High Net Worth Individuals
Special Tax Problems
High Net Worth Individuals in France frequently face special tax problems. Our
firm specializes in assisting with:
- Income tax planning, wealth tax planning
and estate planning have special meaning for the high net worth
individuals
- We analyze U.S. trust provisions in order
to determine their taxability in France
- We advise on the tax implications of
anticipated legacies or gifts from abroad
- We help maximize the potential of the
5-year exemption from the French wealth tax (ISF)
- We work with French Notaires to revise
marital contracts so as to harmonize the U.S. and French tax
result at death
- We set up holding company structures
for ownership of French real estate and U.S. real estate
- In general, we help the high net worth
individual to understand the two tax systems and to avoid paying
more tax than is necessary
We help the high net worth individual to
decide whether to become a tax resident of France.

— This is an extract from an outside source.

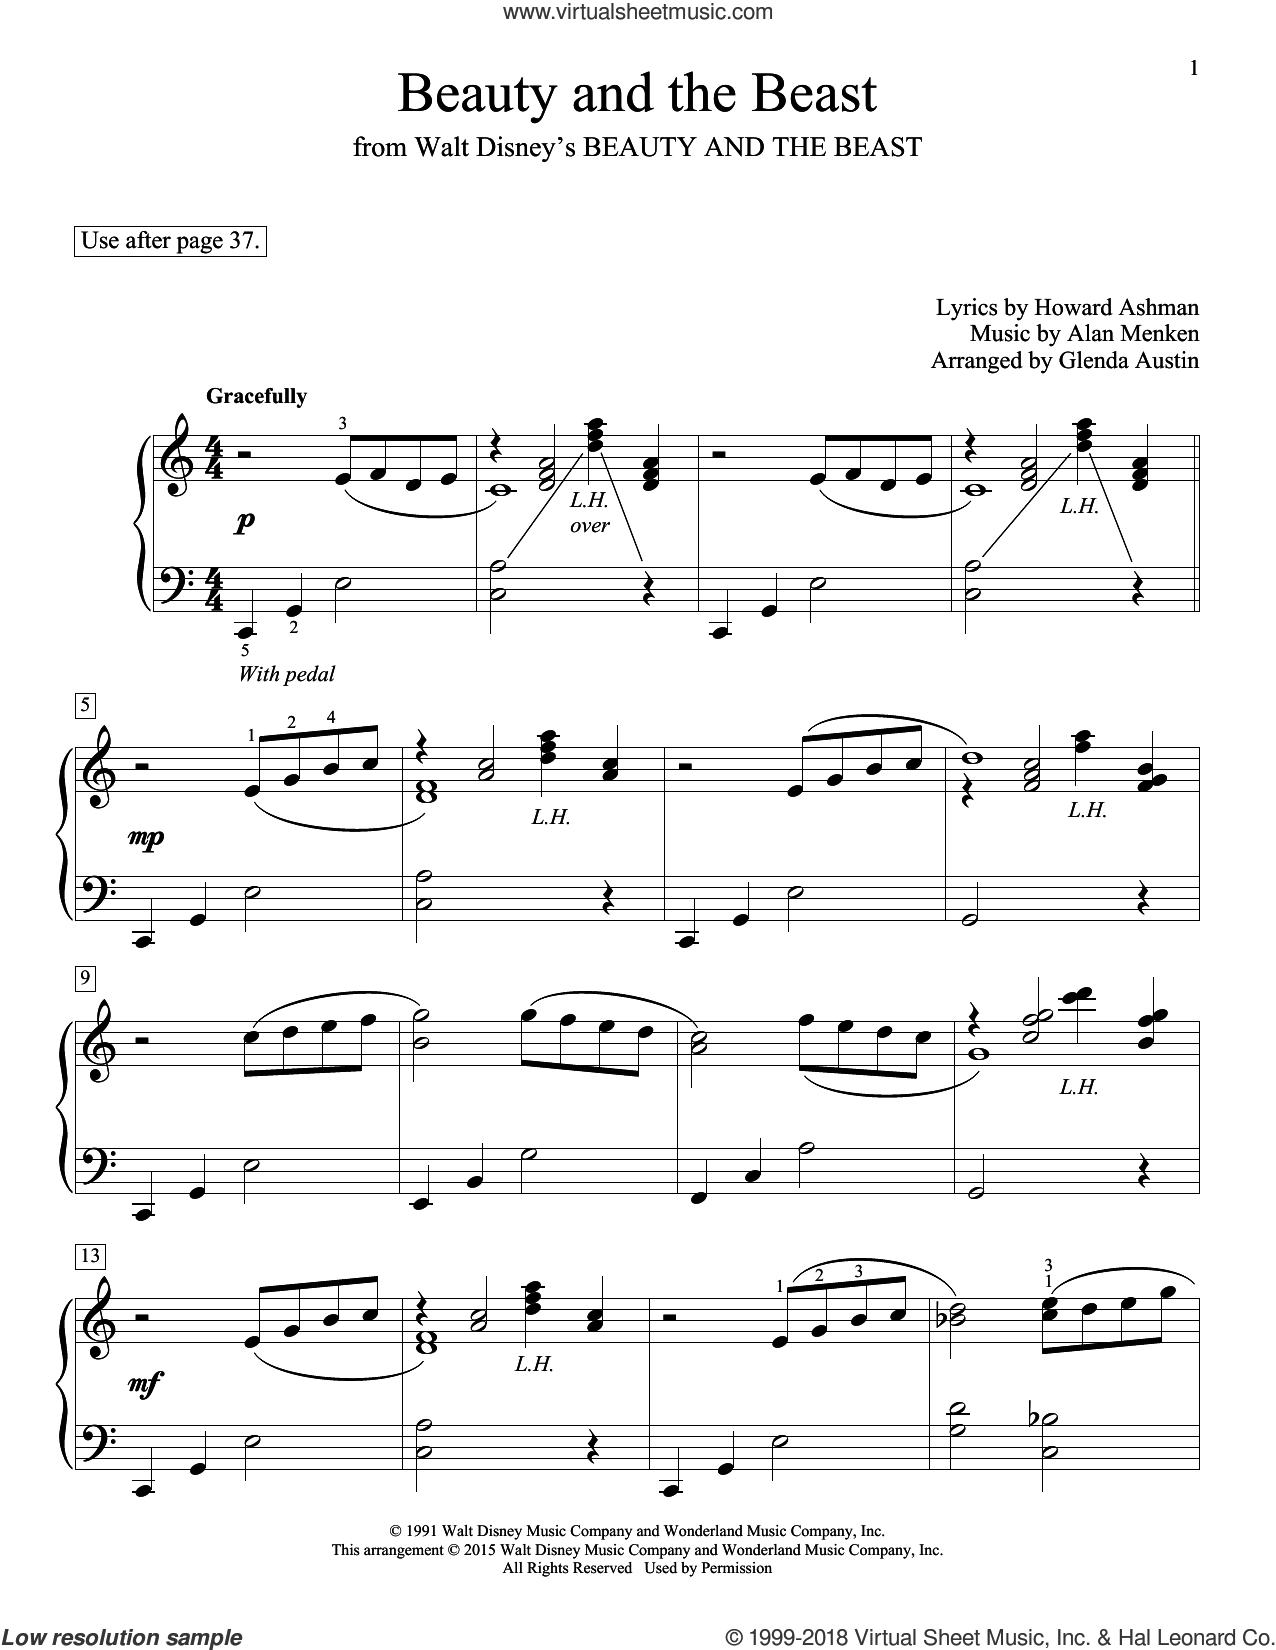 Beauty And The Beast sheet music for piano solo (elementary) by Alan Menken, Glenda Austin, John Thompson, Celine Dion & Peabo Bryson, Eric Baumgartner and Howard Ashman, beginner piano (elementary)

The first
order of business is to explain and elucidate how the French
tax system works, how it impacts on compensation, investment
holdings, compensation holdings, pension holdings, real estate
holdings, anticipated gifts and bequests of the individual or
the couple, how it may affect existing or proposed estate plans.
Have you provided in your will for persons outside your immediate
family? How will the French inheritance tax affect those gifts?

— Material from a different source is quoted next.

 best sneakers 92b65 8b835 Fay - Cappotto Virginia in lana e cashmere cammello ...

Indeed, may any of those gifts be challenged by your children
under the French forced heirship rules? What about generation
skipping trusts, family partnerships, charitable remainder trusts,
and other exotic U.S.-based planning tools that are already part
of your estate plan? Are you engaged in a systematic gift plan
to children? How will that be affected? Do you have asset holdings
in more than one country? How does the French wealth tax apply
to those holdings? We can assist you to understand all of these
vital areas, to identify issues as they pertain to your situation,
and to create tax positions that will focus the matrix of interconnected
issues and, where possible, avoid unwanted results. Pre-move
planning is of course best, but if that is not possible under
the circumstances, post-move re-arrangement of investments, re-casting
of compensation arrangements, modification of testamentary or
trust arrangements, and other permissible actions, some large
and some small, will have a cumulative impact on the bottom line.
It goes without saying that preparation of correct income tax
returns is indispensable to presenting the best possible profile
to the tax authorities, taking tax-saving positions that, while
aggressive in some cases, are defensible in the event of audit.